Thursday, April 19, 2012

Exclusive: G. Dep Calls Guilty Verdict 'God's Will'

'I'ma just stay strong and hopefully I'll see y'all in the near future,' the former Bad Boy MC tells MTV News in a jailhouse interview.
By Jesse Gissen


G Dep
Photo: Denise Truscello/ WireImage

Two days after being convicted of second-degree murder, G. Dep spoke exclusively to MTV News on Thursday (April 19), where he reacted to the verdict from behind bars.

"However it went down, it was just one of them things where I knew I was facing some type of charge, so whatever the verdict was, I knew it was God's will," Dep told us by phone as he awaits sentencing in lockup.

The former Bad Boy rapper, born Trevell Coleman, was found guilty on Tuesday of killing John Henkel in a botched robbery attempt nearly two decades ago in his hometown of Harlem. Coleman made headlines in 2010 after he confessed — unprovoked — that he had committed the crime in a surprising confession to police at Manhattan's 25th precinct. At the time, Coleman said that he longed to clear his conscience.

Although he took blame for the shooting, Coleman's lawyer, Anthony Ricco, argued in court last week that the victim was not the same man that police had pinned to the crime.

Despite the outcome, the 37-year-old seemed at peace with the judgment call. "You know, someone was taken from [the Henkel] family, so I can't feel like I was robbed in any kind of way," he said. "I just want to thank everyone that was involved in the case. I don't have no ill thoughts towards anybody."

That is if you don't count a few reporters who covered the case for New York's Daily News.

"I just wanna let people know there's a couple of reporters out there that's just talking that talk," he snarled. "I just had to make sure everything was everything," he explained about his decision to fight the charge in court. "I was already putting myself out there.
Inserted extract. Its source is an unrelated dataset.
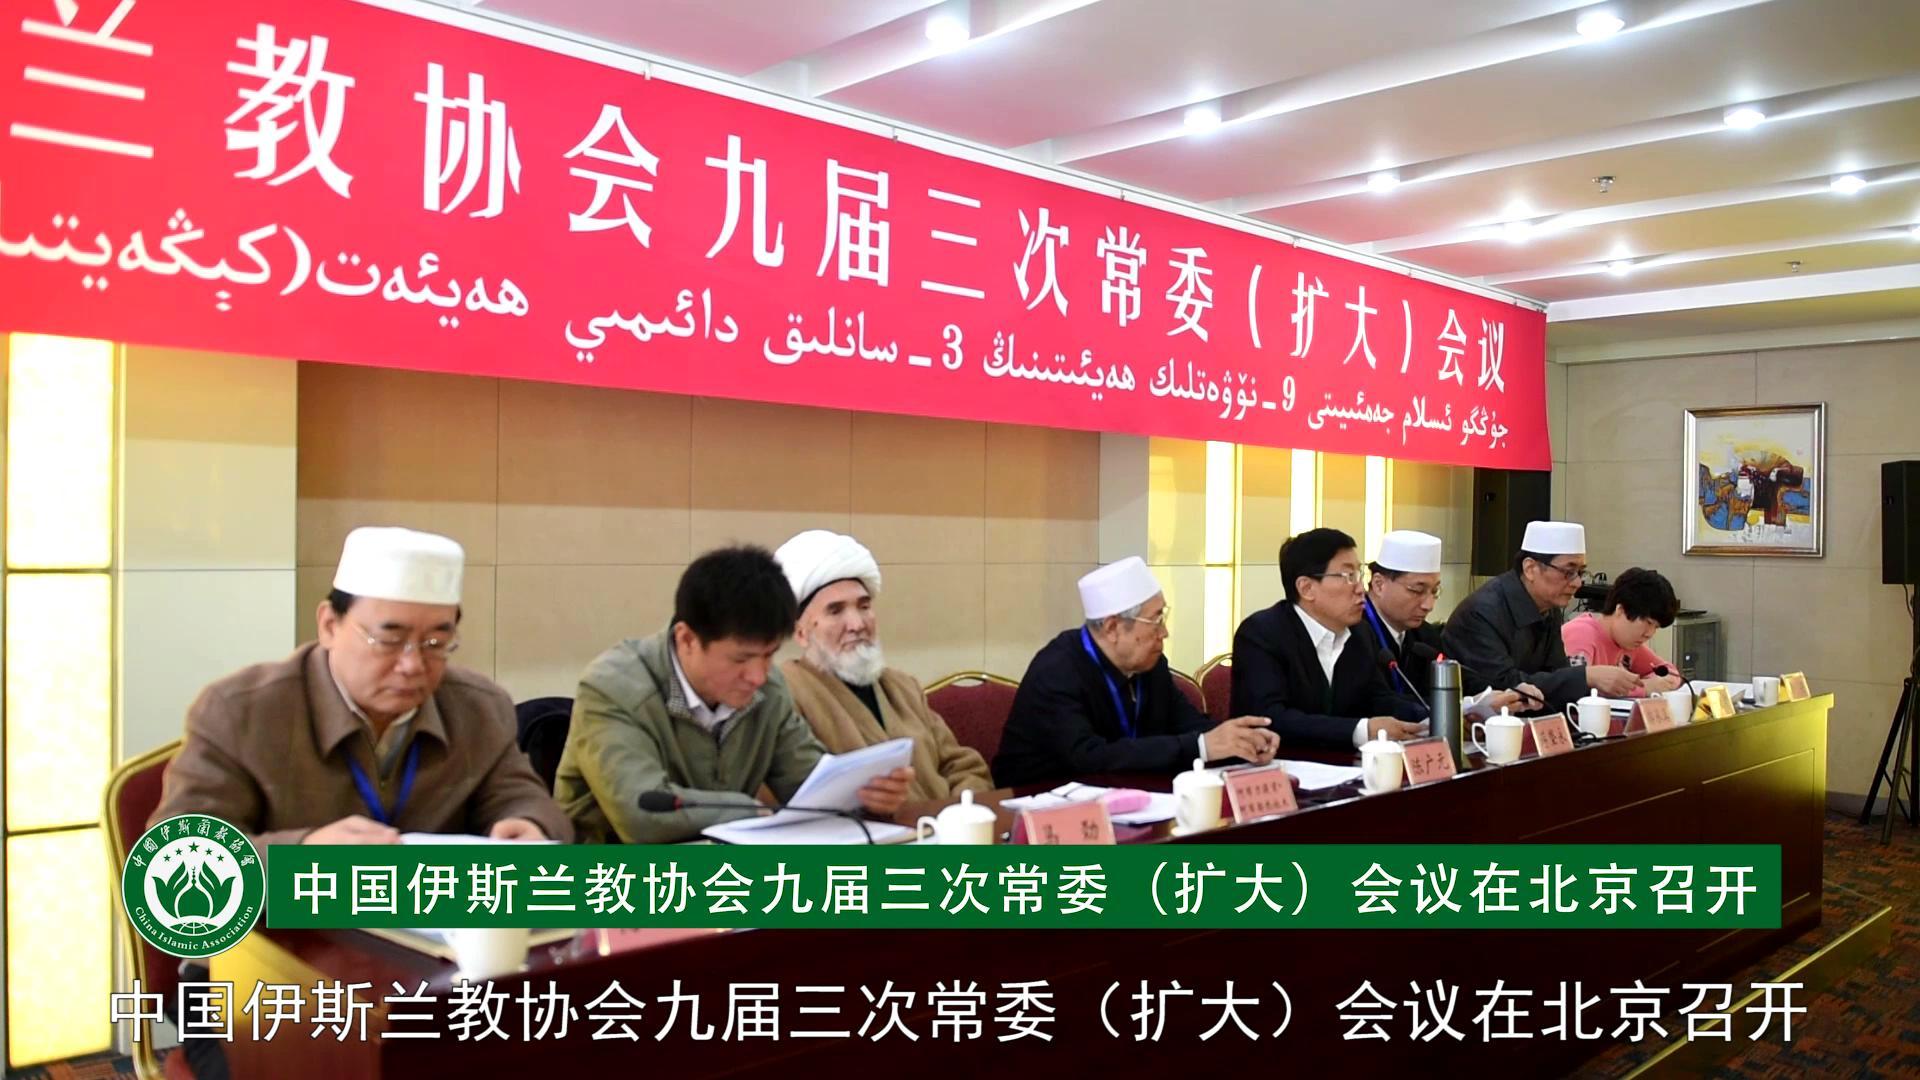 中国伊斯兰教协会九届三次常委(扩大)会议在北京召开

I had to make sure everything was what it was. That's why the trial even was on."

G. Dep signed to Diddy's Bad Boy Records in 1998, and went on to release his debut LP, Child of the Ghetto, in 2001. The record spawned two well-received singles, "Let's Get It" and "Special Delivery," but Dep's rap career failed to take off. By 2003, he had parted ways with Bad Boy. Coleman took another stab at the indusry, dropping a mixtape the following year, but his various arrests and battles with drug abuse thwarted those efforts.

Dep is scheduled for sentencing on May 8, when he'll face up to 15 years in jail.

"I'ma just stay strong and hopefully I'll see y'all in the near future or the far future," Dep said when asked how he feels about the impending jail time. "I know life goes on, praise God. And one day maybe I could say hello to y'all again."